My first EEG, in Boston ca.1966 — showed “clear”. My first MRI, in The Hague ca.1976 — showed “nothing significant”.
All my EEG’s showed clear until my late 30’s.

Even in 2015, when I was having seizures once a week, I reported at the Emergency Room with severe neurological symptoms (extreme trembling, intermittent vision loss, inability to walk or talk). After 12 hours, the neurologist I had insisted on seeing told me, “I’ve just looked at your recent CT and EEG, and they show nothing”.  I was summarily dismissed from Emergency.

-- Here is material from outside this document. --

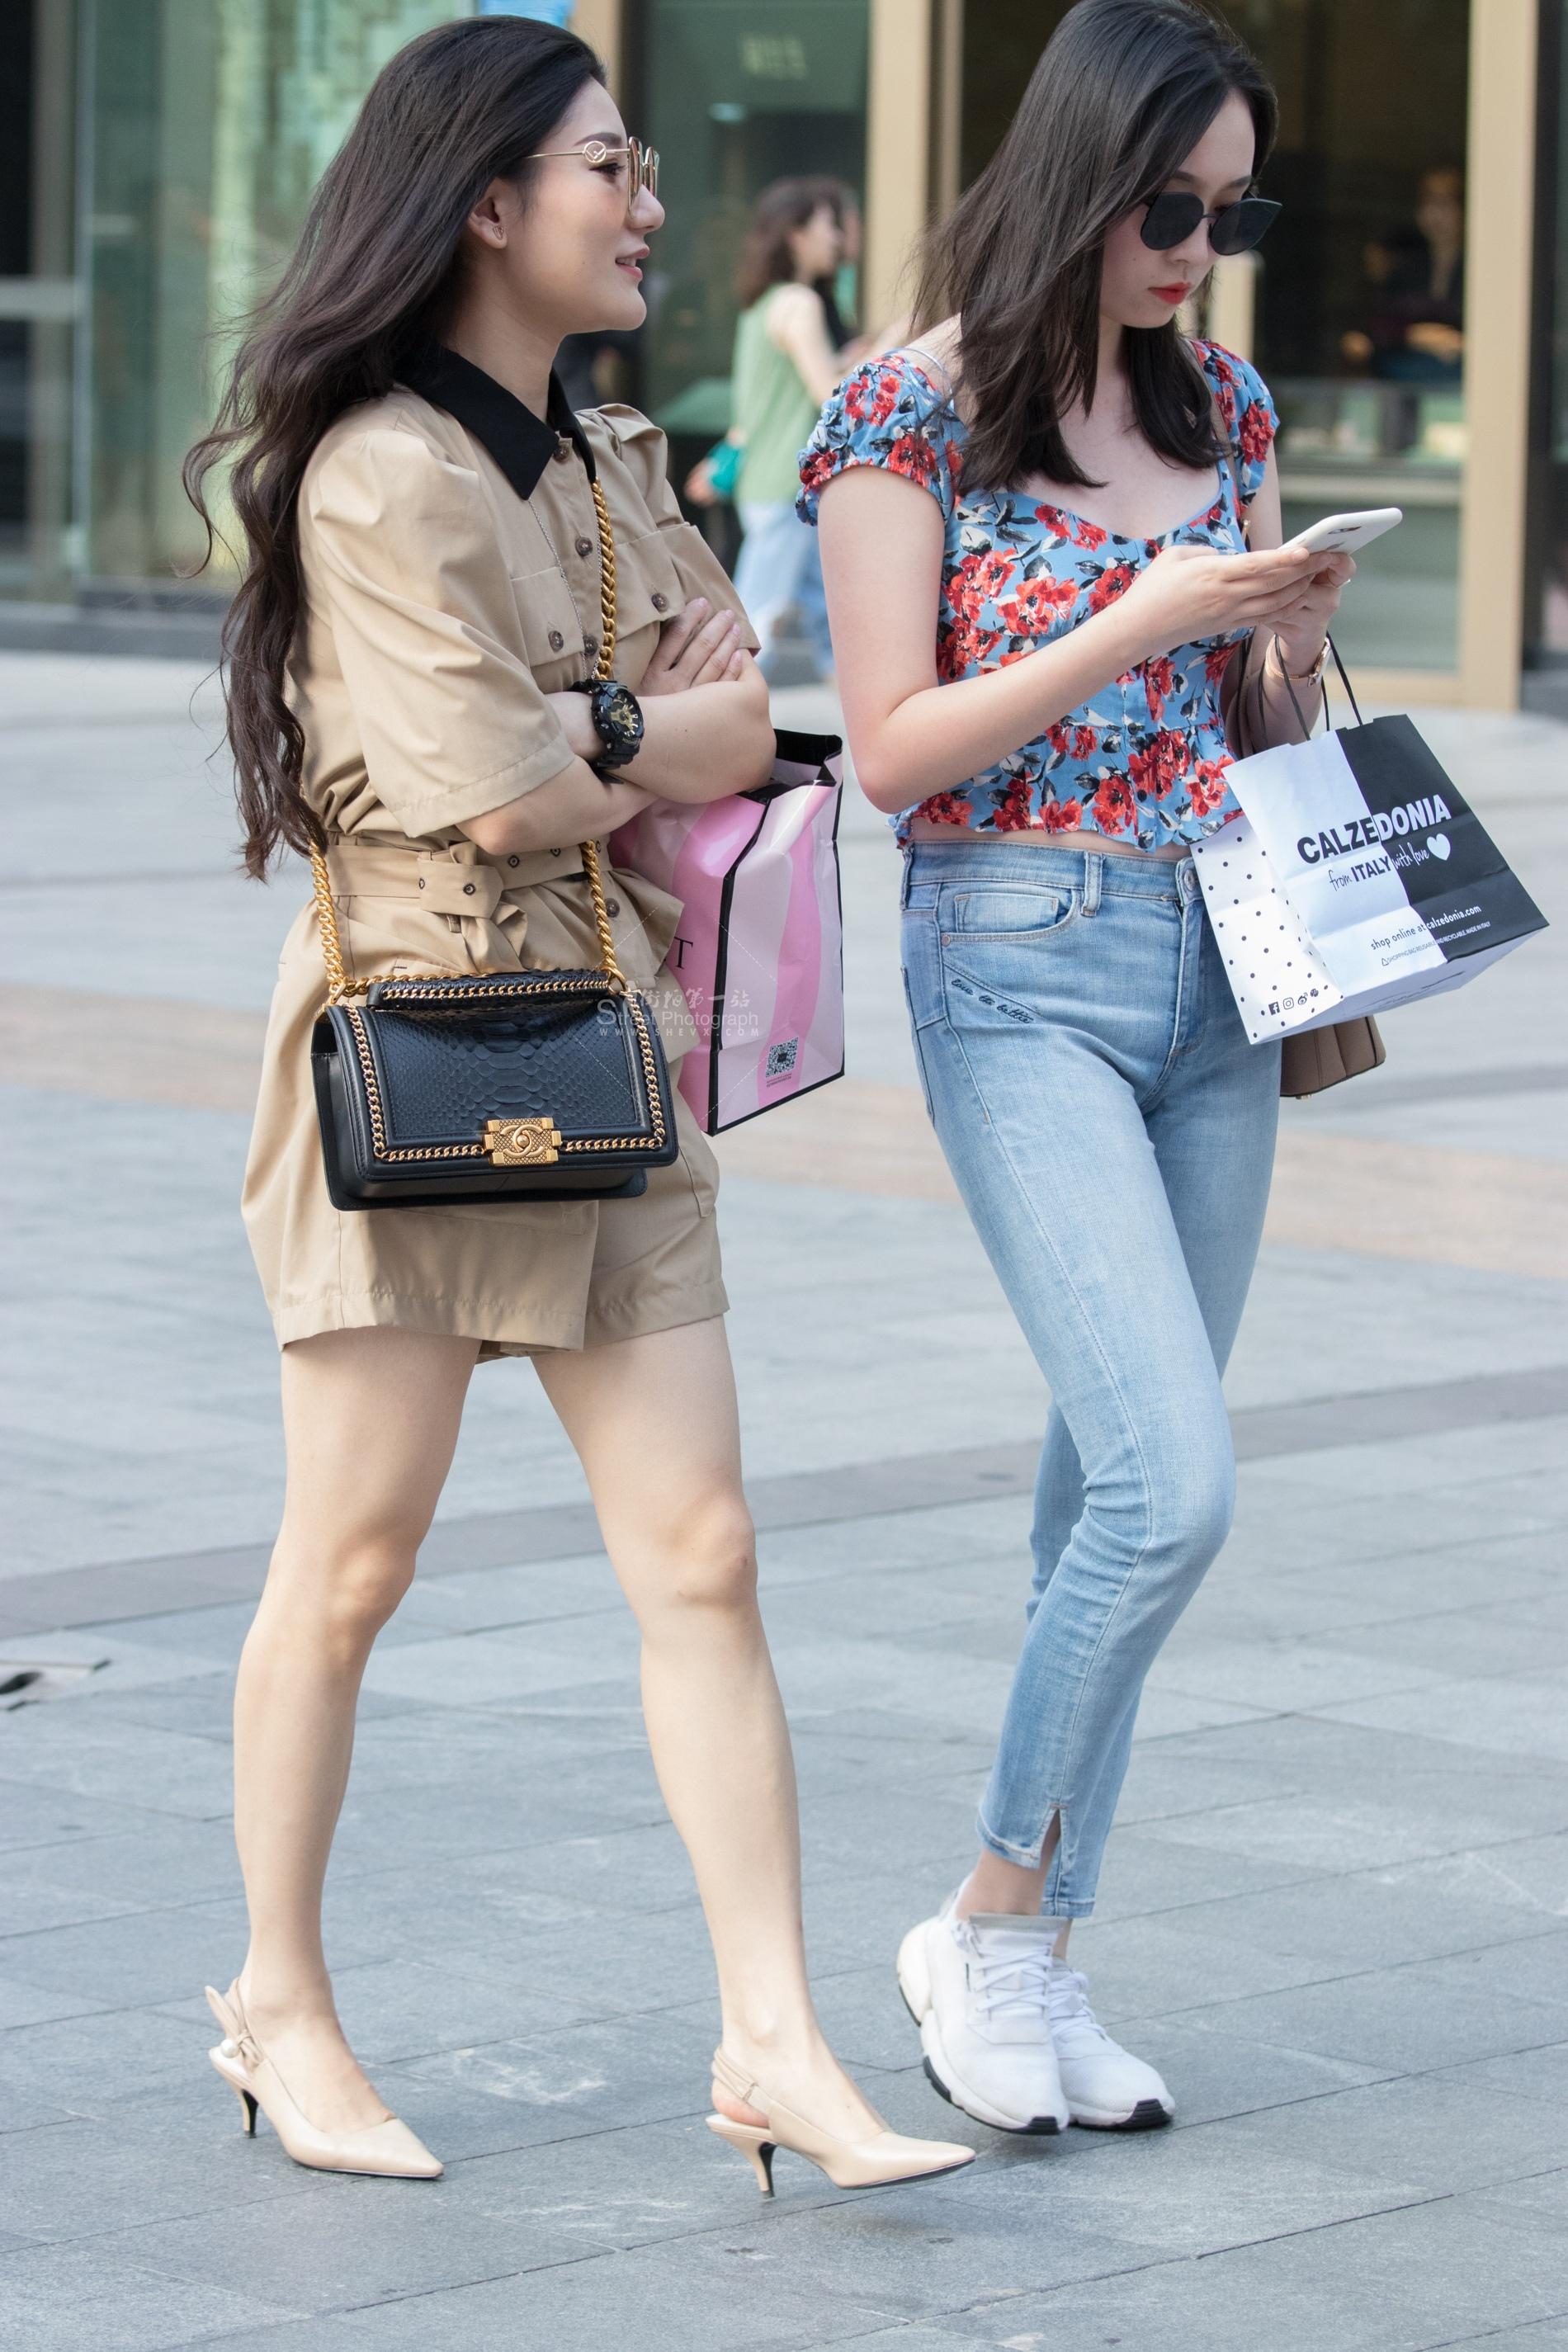 俊风摄影+重庆9月47贴 两个不同风格M妇 最新街拍丝袜图片 街拍丝袜第一站

The symptoms were later identified as penicillin poisoning due to black mould in my apartment.

“If I can’t see it, it’s not there” — A common response of both medical minds and civilians. A neurologist, ca.1985, told me, “Epilepsy is an invisible disability”. It was mostly invisible then, but times are a-changin’.

EEG @ Foothills, ca.1990 — showed two possible originating sites for my seizures, either left or right temporal.
MRI @ Foothills, ca.1999, confirmed right temporal damage, narrowing down significantly an appropriate way to operate, but my neurologist told me, “The only way we’ll know for sure is if we record a seizure while you’re having it”.
This was a pipe dream at the time, but ca.2000 a Seizure Monitoring Unit, four beds around a comprehensive nursing station with the latest computer and electronic supports to observe and record any seizures 24 hours a day, was established at the Foothills Neurology Clinic in Calgary.

SMU @ Foothills, ca.2006: The Seizure Monitoring Unit recorded my seizures on both video and EEG monitors, and pinpointed neural activity before, during and after seizures. It did not indicate any triggers for the seizures, never known to me or my doctors.

In 2008, pursuant to a study led by Dr. Samuel Wiebe at the Foothills Neurology Clinic in Calgary of Deep Brain Stimulation and its potential use to control seizures, electrodes were implanted near the originating site ofmy seizures. The “neuro-pacemaker” procedure did not work for me, though it has for many.

In 2017, during a consult with a neurologist I had met before the implant surgery, he told me, “You are still a good candidate for surgery, notwithstanding your age”. We had been considering temporal lobe surgery in 2006 before I chose to try the DBS route, and he was confident temporal surgery was still a good choice to end or control my seizures.
I thought it over again, and decided, “Let’s do it.”

In June of 2018, Dr. Walter Hader performed a Right Temporal Resection at the Foothills Medical Centre in Calgary. Surgery took 6 hours, I recovered quickly, and I haven’t had a seizure since. It took a while (54 years), but Medical Science did it.

I’ve watched the evolution of neurological testing from the beginnings of EEG’s, MRI’s and CT Scans. Medical Science has learned how to measure the brain and its activities with extraordinary detail and accuracy.

Now we need to identify which parts of the brain do what, and how to correct a problem in the brain without affecting other functions as well. It is being understood better and better, and I have had the benefit of observing and participating in some of the exciting, ongoing world-wide research which must surely lead to the ability to treat and control all seizures.

Medical Science will do it.
It takes a village, and a whole lot of time and money.